An open API service indexing awesome lists of open source software.

https://github.com/oracle-devrel/langchain-oci-genai

langchain-oci-genai
https://github.com/oracle-devrel/langchain-oci-genai

Last synced: about 6 hours ago
JSON representation

langchain-oci-genai

Awesome Lists containing this project

README

          

# How to work with LangChain and Oracle Generative AI

[![License: UPL](https://img.shields.io/badge/license-UPL-green)](https://img.shields.io/badge/license-UPL-green)

In this demo, we will learn how to work with **#LangChain**'s open-source building blocks, components & **#LLMs **integrations, **#Streamlit**, an open-source **#Python** framework for **#DataScientists** and AI/ML engineers and **#OracleGenerativeAI** to build the next generation of Intelligent Applications.

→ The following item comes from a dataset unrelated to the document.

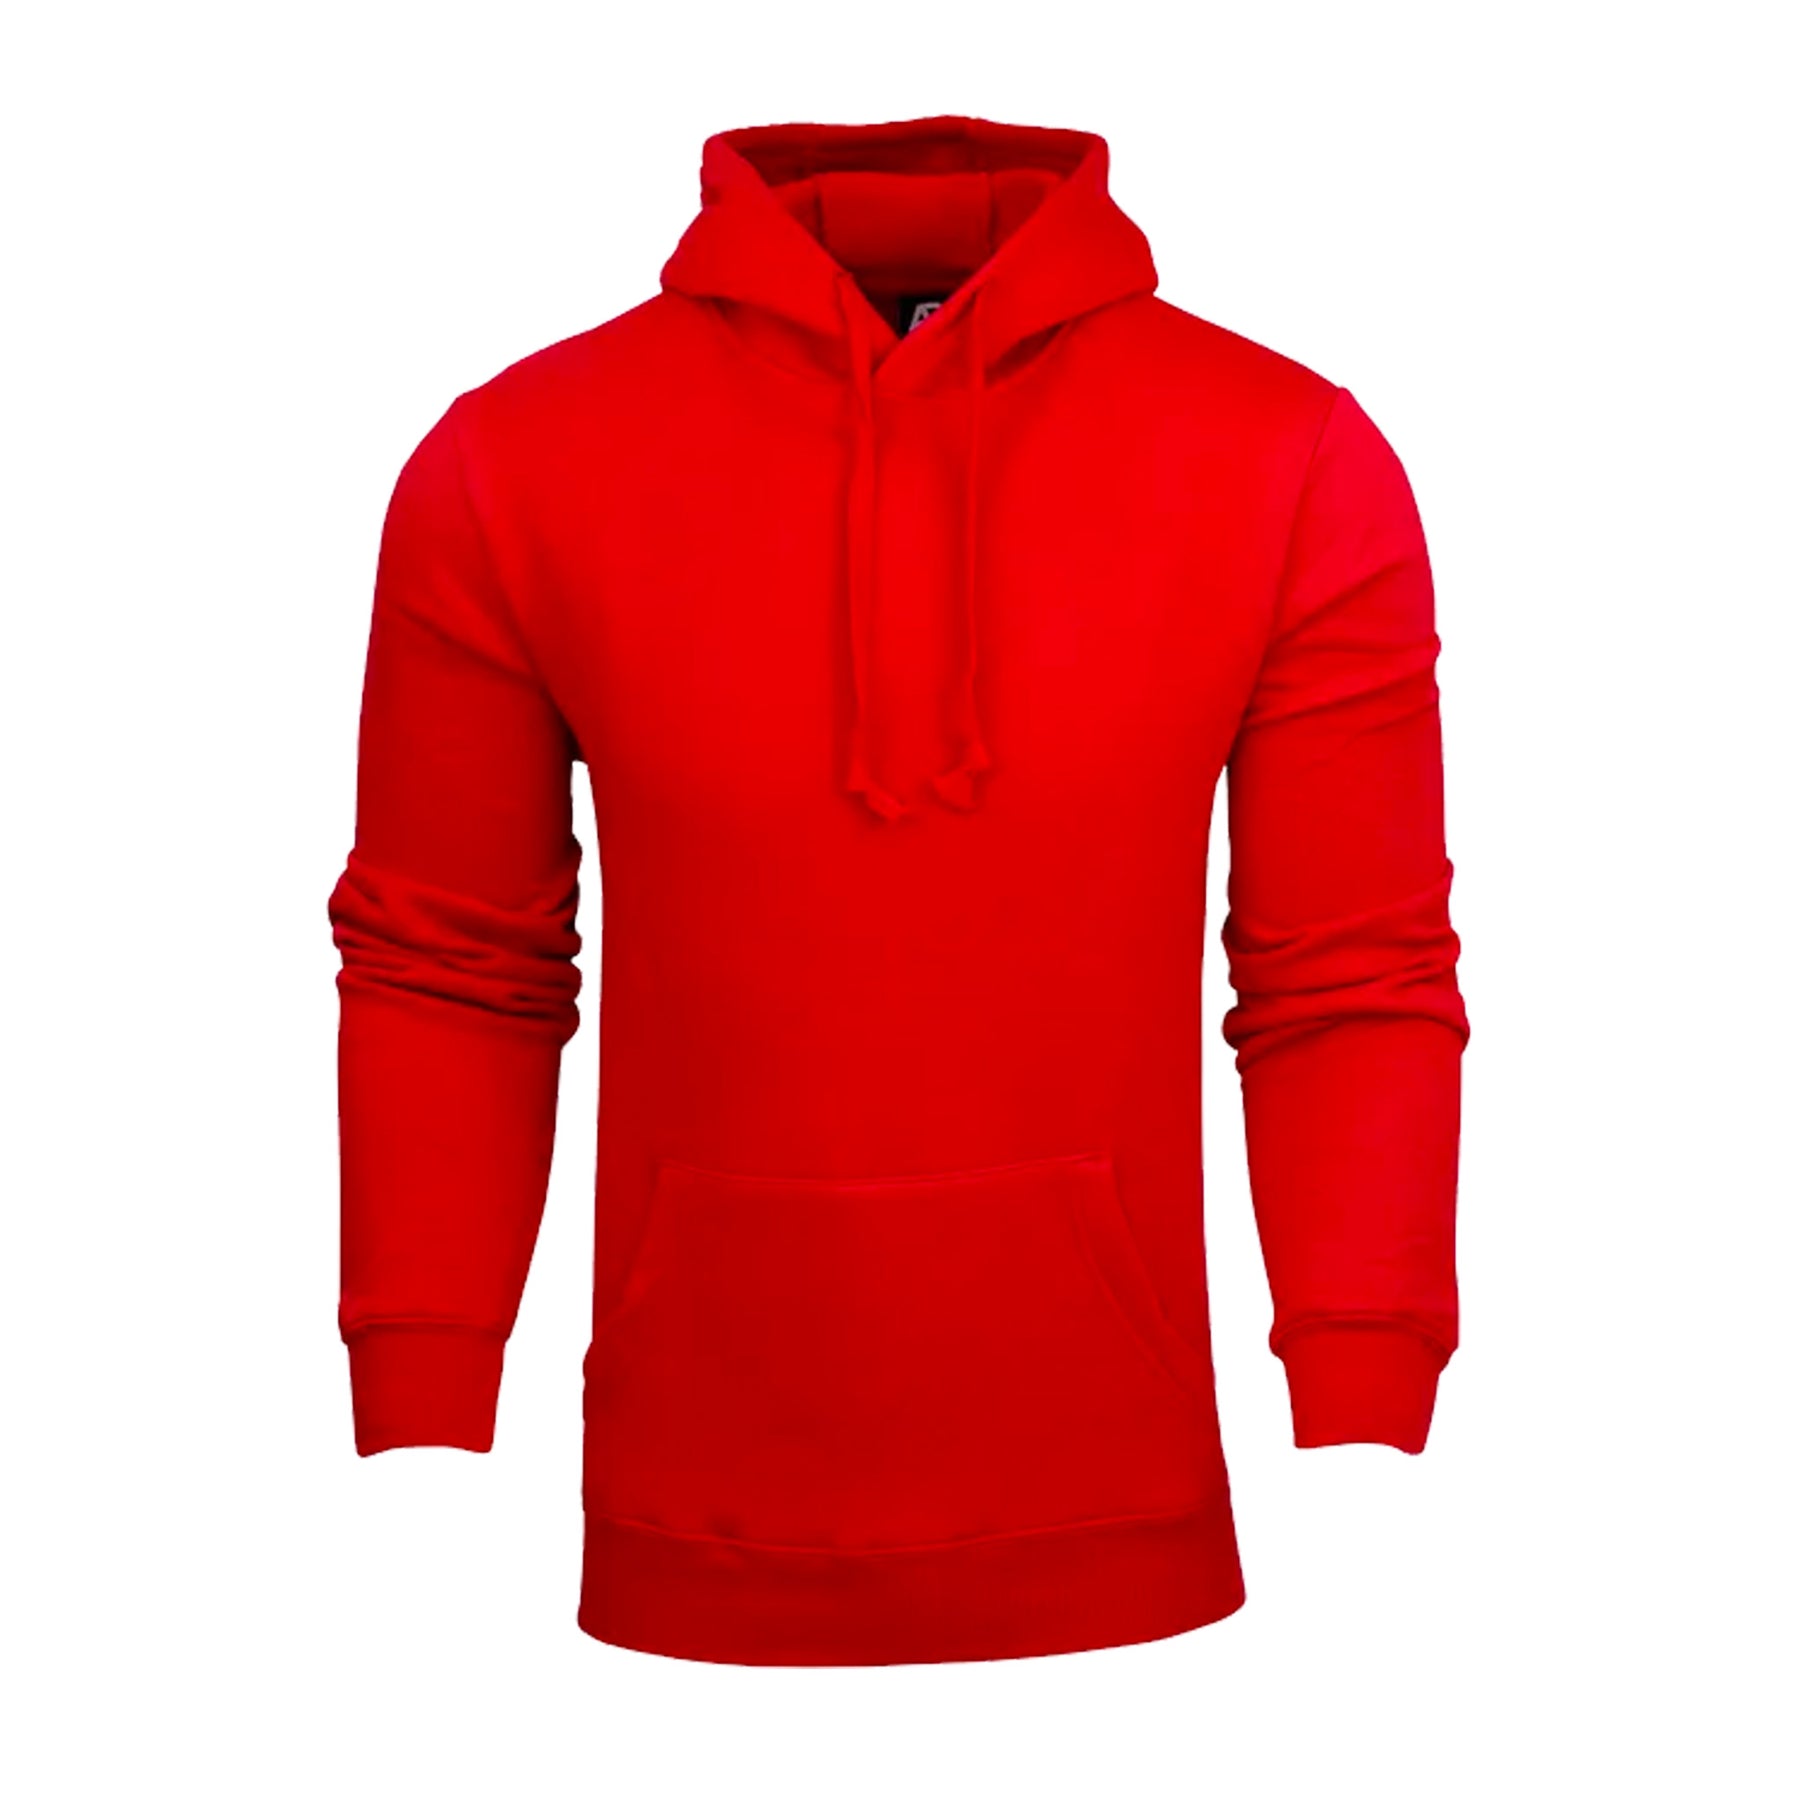 torquay hoodie in red

We will lay the groundwork by setting up the OCI Command line interface, Creating a simple LongChain app, writing an interactive **#Healthcare** application, and creating a search application that can scan through a training **#PDF** document.

**What is LangChain?**

[**LangChain**][6] is a framework for developing applications powered by large language models (LLMs).

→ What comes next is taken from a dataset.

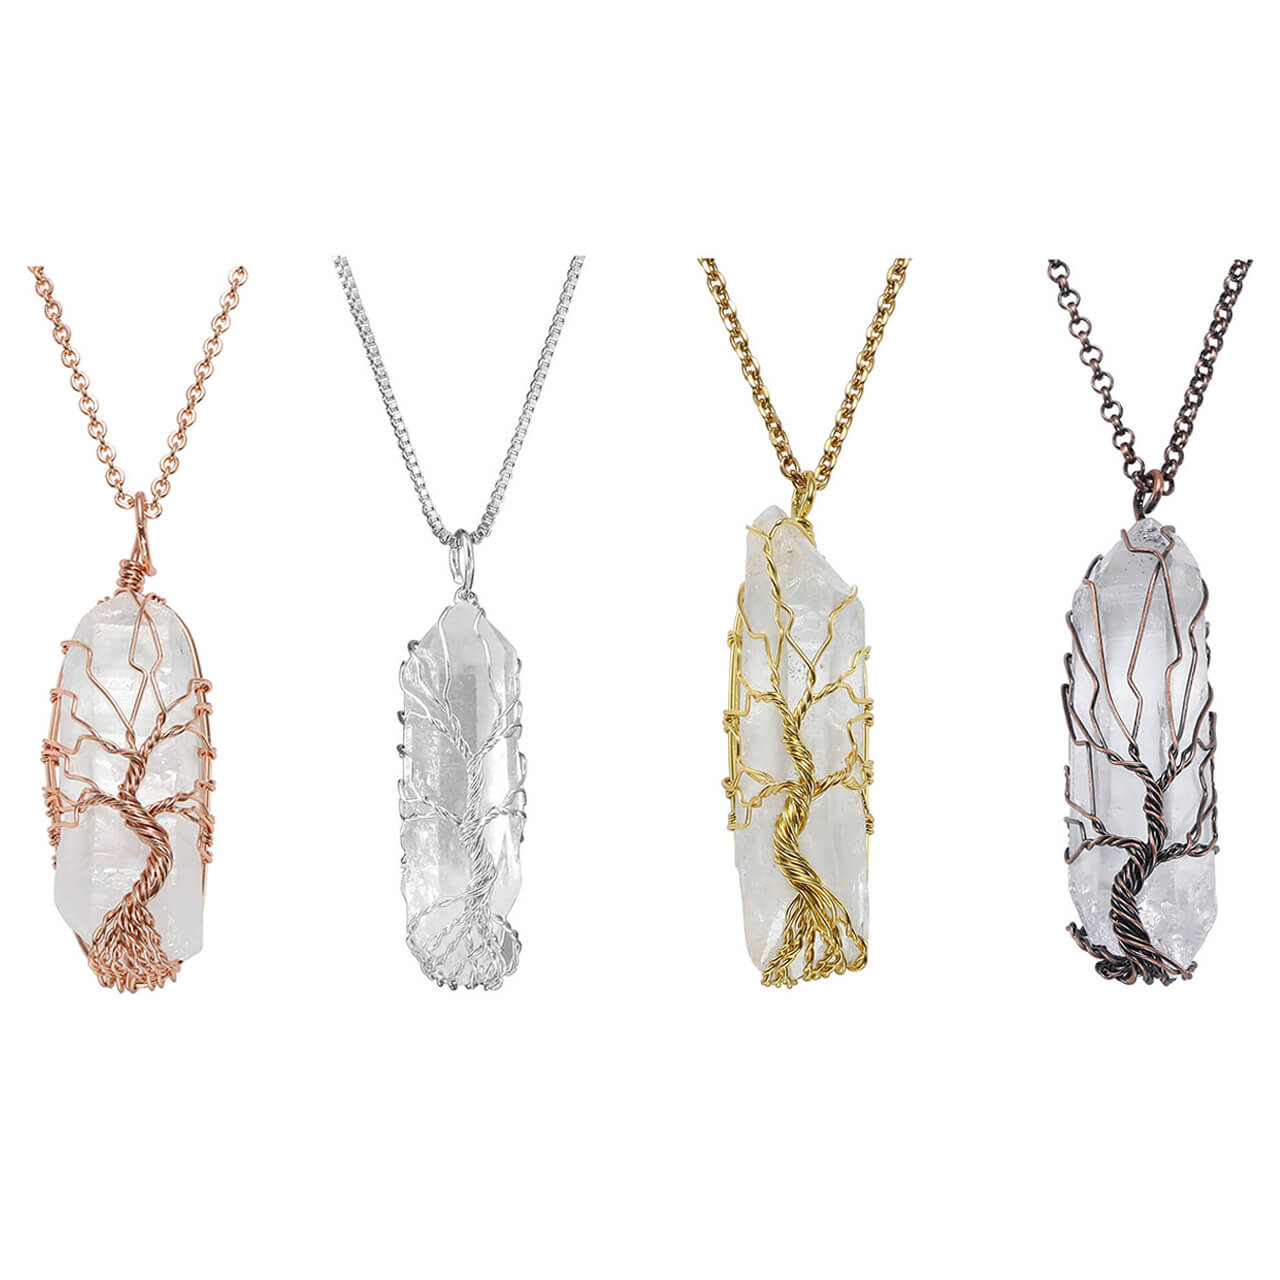 jovivi chakras gemstones tree of life healing crystal jewelry for women

[6]: https://www.langchain.com/

LangChain simplifies every stage of the LLM application lifecycle:

- **Development**: Build your applications using LangChain's open-source building blocks and components. Hit the ground running using third-party integrations and Templates.
- **Productionization**: Use [LangSmith][7] to inspect, monitor and evaluate your chains, so that you can continuously optimize and deploy with confidence.

[7]: https://python.langchain.com/docs/langsmith/

With LangChain we can build **context-aware** reasoning applications with LangChain's flexible framework that leverages your company's data and APIs. Future-proof your application by making vendor optionality part of your LLM infrastructure design.

**What is Streamlit?**

A faster way to build and share data apps. [Streamlit][8] turns data scripts into shareable web apps in minutes. All in pure Python. No front‑end experience is required.

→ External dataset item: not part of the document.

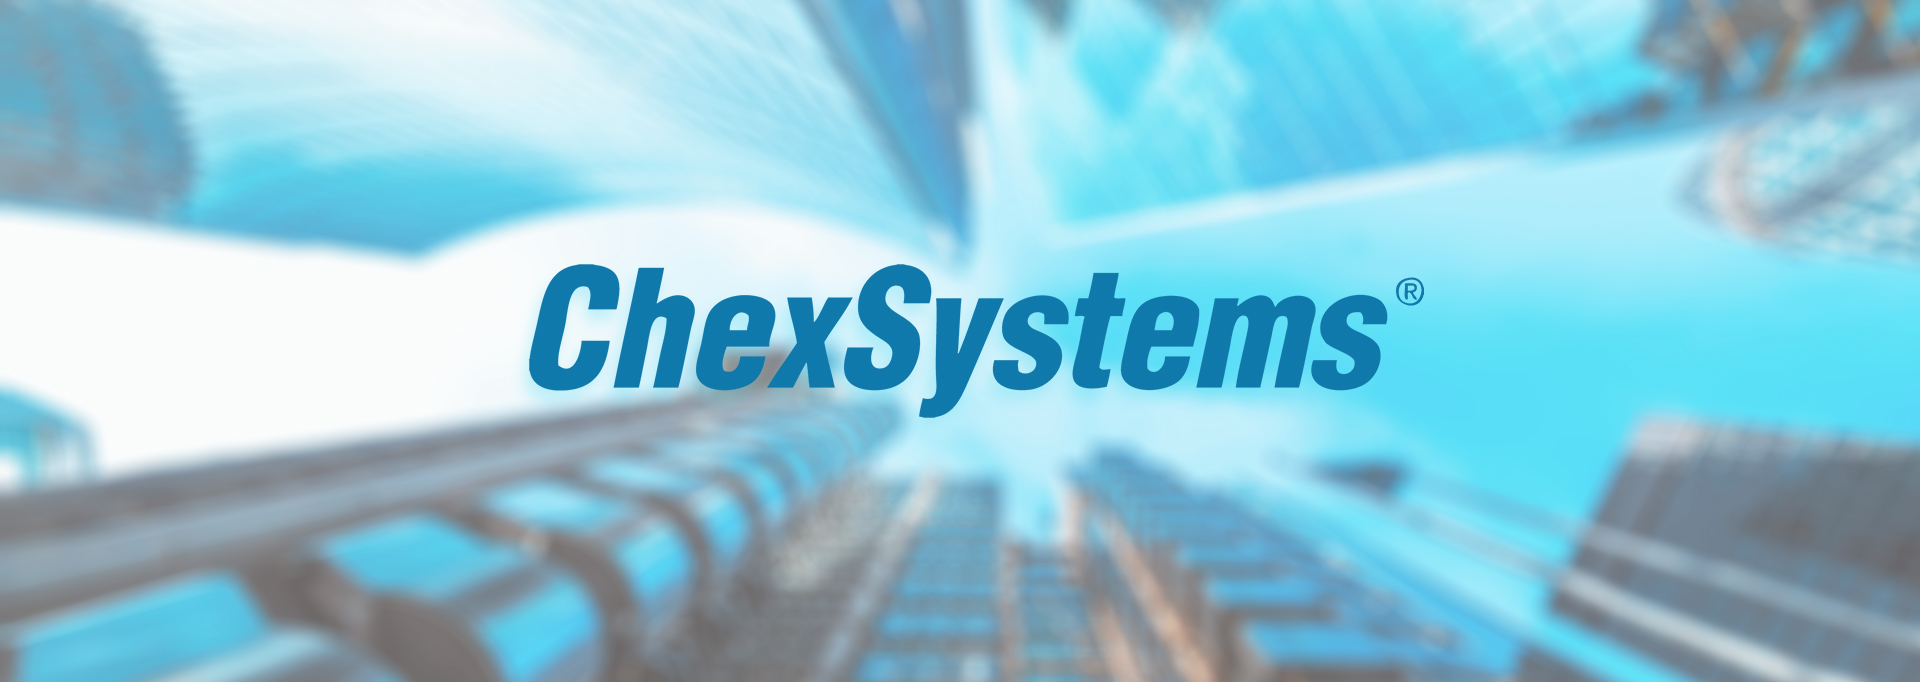 ChexSystems logo and bank buidings

[8]: https://streamlit.io/

### How does LangChain work with Oracle Generative AI?

This is a 3-step process.

1. Set up the OCI Command Line Interface on your laptop or use a Cloud Compute Instance.
2. Install required Python libraries.
3. Write and Run the Python code.

**Assumption:**

1. You already have an Oracle cloud account and access to Oracle Generative AI in the Chicago region.
2. You have a default compartment created.
3. You have administrative rights in the tenancy or your Administrator has set up required policies to access [Generative AI Services][9].
4. [Download Python Code][10] and [Budget PDF.][11] used in this article.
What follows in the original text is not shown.